Search code examples
rggplot2plotmedian

GGplot2 Add medians in two different part of the graph


I am trying to plot median values into a graph for a single case study. Unfortunately, I cannot get the result I would like to have. Here's my code.

Rate <- c(8, 4, 5, 5, 5, 4, 8, 7, 18, 15, 9, 8, 17, 19, 11, 11)
Phase <- c("A", "A", "A", "A", "A", "A", "A", "A", "B", "B", "B", "B", "B", "B", "B", "B")
Occasions <- c(1, 2, 3, 4, 5, 6, 7, 8, 9, 10, 11, 12, 13, 14, 15, 16)
db4 <- data.frame(Occasions, Phase, Rate)

medians <- db4 %>% 
      group_by(Phase) %>% 
      mutate(M = median(Rate))

    ggplot(data = db4, aes(x = Occasions, y = Rate)) +
      geom_point(aes(colour = Phase)) +
      geom_line(aes(group = Phase, color = Phase)) +
      geom_hline(yintercept = medians$M, colour = 'red') +
      geom_vline(xintercept = 8.5, linetype = "dashed", color = "blue", size = 0.5) +
      xlab("Occasions") +
      ylab("Ratings")

Below, you can find the plot that comes from this code. However, both median lines are currently red and extend across the whole plot. I would like to have the first red median line only in the left side of the graph and a second BLUE median line only in the right side of the graph. I also would like to add titles for the two sides which are "Baseline" and "Intervention"

Thanks for any help!


Solution

  • Here is how I would approach this plot. I wouldn't use facets because you want to keep everything on one axis, but I wouldn't use two titles either. Instead, just relabel your legend to make clear which points are Baseline and which are Intervention.

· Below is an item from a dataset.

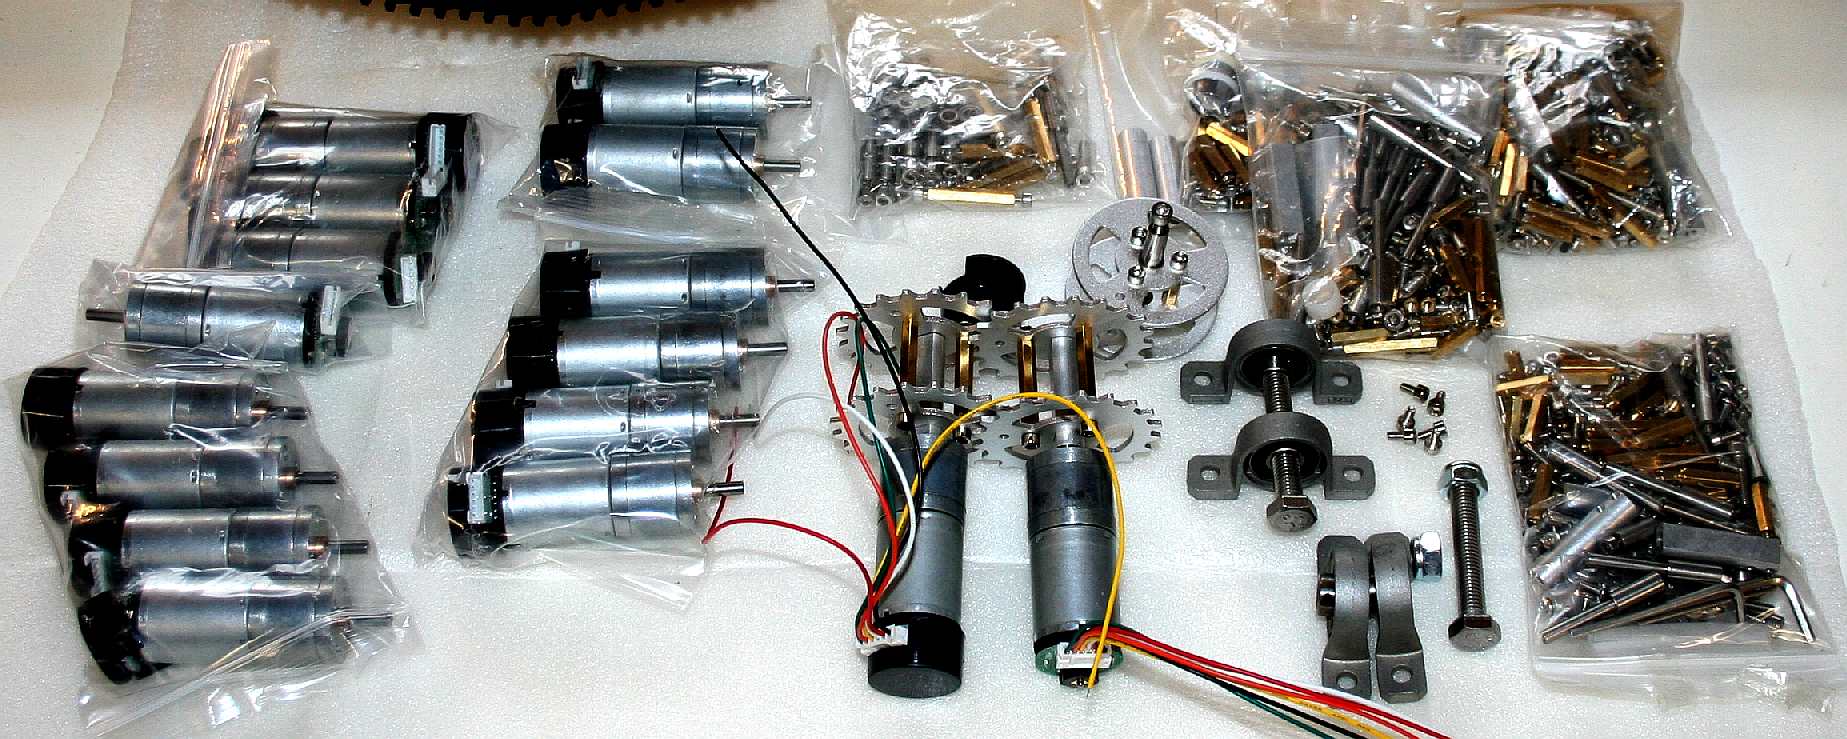 Robotic parts before assembly

    To fix the median lines and prevent them crossing the whole plot, you need to use geom_segment instead of geom_hline. This also means you need to add some more columns to your medians data frame to provide the right inputs (start and end coordinates for the segments). I move color = Phase to the top ggplot() so geom-segment inherits and splits the two phases. Finally I made geom_vline use aesthetics for xintercept so its position isn't hardcoded (may or may not be ideal in your case).

    library(tidyverse)
    db4 <- data.frame(
      Rate = c(8, 4, 5, 5, 5, 4, 8, 7, 18, 15, 9, 8, 17, 19, 11, 11),
      Phase = c("A", "A", "A", "A", "A", "A", "A", "A", "B", "B", "B", "B", "B", "B", "B", "B"),
      Occasions = c(1, 2, 3, 4, 5, 6, 7, 8, 9, 10, 11, 12, 13, 14, 15, 16)
    )
    
    medians <- db4 %>% 
      group_by(Phase) %>%
      summarise(
        y = median(Rate),
        x_start = min(Occasions),
        x_end = max(Occasions)
        )
    
    ggplot(data = db4, aes(x = Occasions, y = Rate, color = Phase)) +
      geom_point() +
      geom_line() +
      geom_segment(
        data = medians,
        mapping = aes(x = x_start, xend = x_end, y = y, yend = y)
        ) +
      geom_vline(
        mapping = aes(xintercept = median(Occasions)),
        linetype = "dashed",
        color = "blue",
        size = 0.5
        ) +
      labs(x = "Occasions", y = "Ratings") + 
      scale_colour_hue(labels = c("Baseline", "Intervention"))
    

    Created on 2018-08-13 by the reprex package (v0.2.0).